Fratelli Castellano
« Paris 15e : un bonheur de pizza chez Fratelli Castellano »
Direction le 15e où notre philosophe gourmet, Jean-Roch Frionnet, a trouvé une pizzeria napolitaine qui vaut le détour. On l’écoute !
Dès sept heures du soir se déverse, dans la rue Fondary et celles à l’entour, une odeur de pâte à pizza. Curieux, on suit le fumet pour en découvrir l’origine. Sa source : Fratelli Castellano. Une petite adresse tenue, sans surprise, par les frères du même nom, qui possèdent également une seconde adresse rue Pierre Leroux côté 7e.
Les écharpes de supporter, les images de Maradona sanctifié et l’accent si caractéristique ne laissent nulle place au doute : nous sommes à Naples. La chaleur de l’immense four à pizza se répand jusque sur les clients qui, impatients, se tiennent sur le trottoir en attendant leur commande comme devant un pop-up store du marais. En effet, pour espérer dîner sur place, il faut prévoir son coup. La petite salle est vite pleine. Et même si l’on choisit de commander à emporter, mieux vaut être patient – surtout le soir.
Les trois frères, Luca, Giampaolo, Davide et les pizzaiolos, frénétiques, s’activent et mettent tout de suite à l’aise.
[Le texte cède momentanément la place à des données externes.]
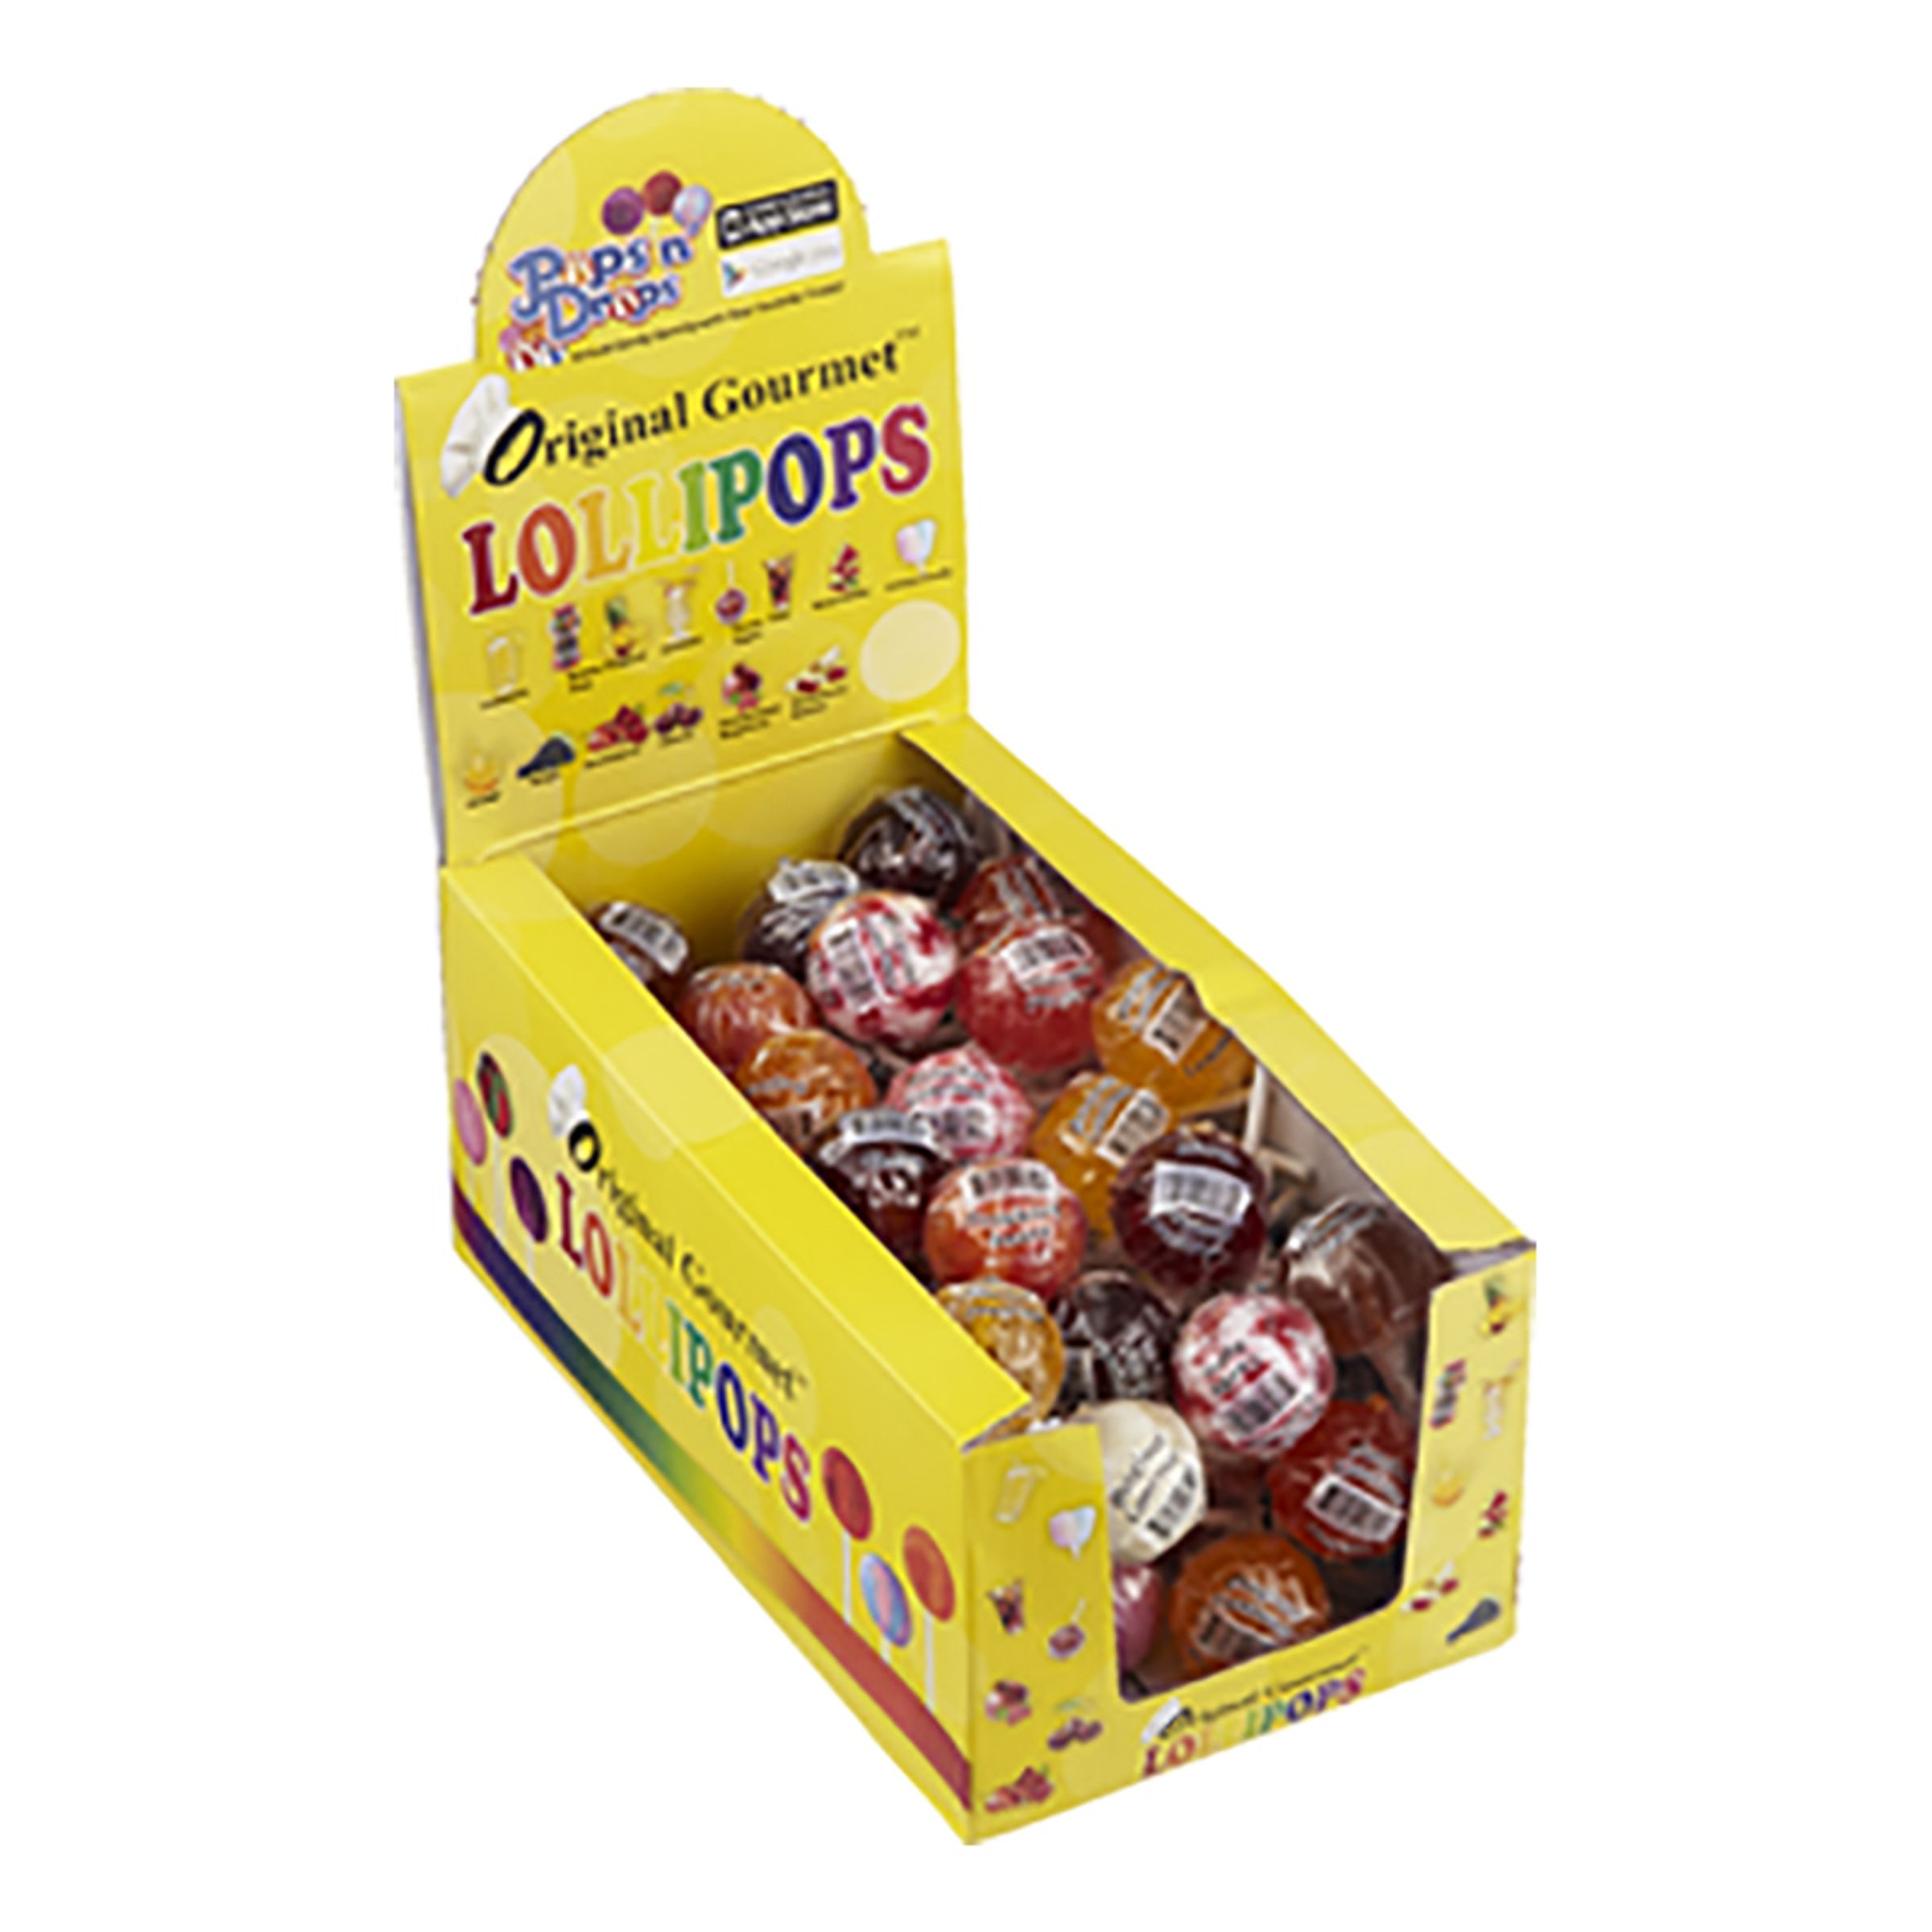 Original Gourmet Lollipops - 1-pack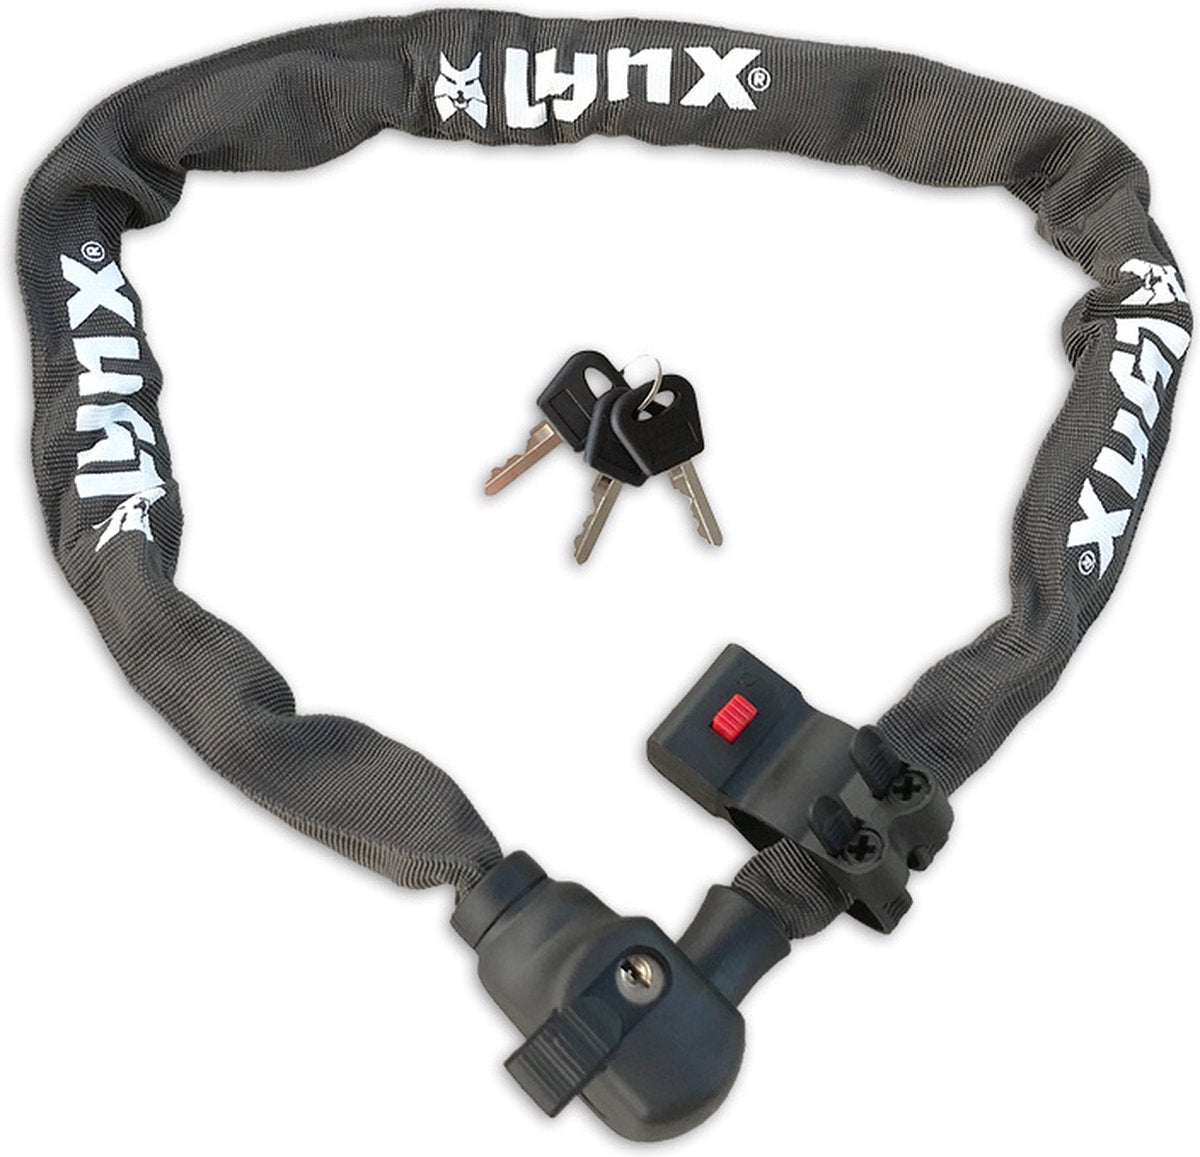 fiets slot - Lynx kettingslot 5.5x100cm, grijs met houder incl 3 sleutels

On sent ici l’ambiance familiale. Nous voilà sommes servis. La pâte est parfaite : finesse toute napolitaine mais croustillant romain. Comme si l’on mangeait un très bon pain ; et pour cause, le chef a la préciosité de faire lui-même sa farine. Et sur ce pain, une sauce tomate – maison elle aussi –, du basilic bio en quantité, et une mozzarella fior di latte irréprochable. La margherita est au rendez-vous, la marinara aussi. Filets d’anchois allongés sur la sauce, olives qui pleuvent et origan frais. L’huile d’olive mouille légèrement la pâte.
Toutes les pizze ont cette circularité légèrement irrégulière et ces gonflements volcaniques qui montrent le savoir-faire des chefs qui pétrissent en cuisine. Ne craignons pas les superlatifs : sans aucun doute la meilleure pizza de Paris – et parmi les meilleures de Naples. À des tarifs franchement dérisoires (les pizze coûtent en moyenne quatorze ou quinze euros), on peut se faire le plaisir d’un dessert. À raison, car le tiramisù est pareillement séducteur. On se demande déjà ce qu’on goûtera au prochain tour !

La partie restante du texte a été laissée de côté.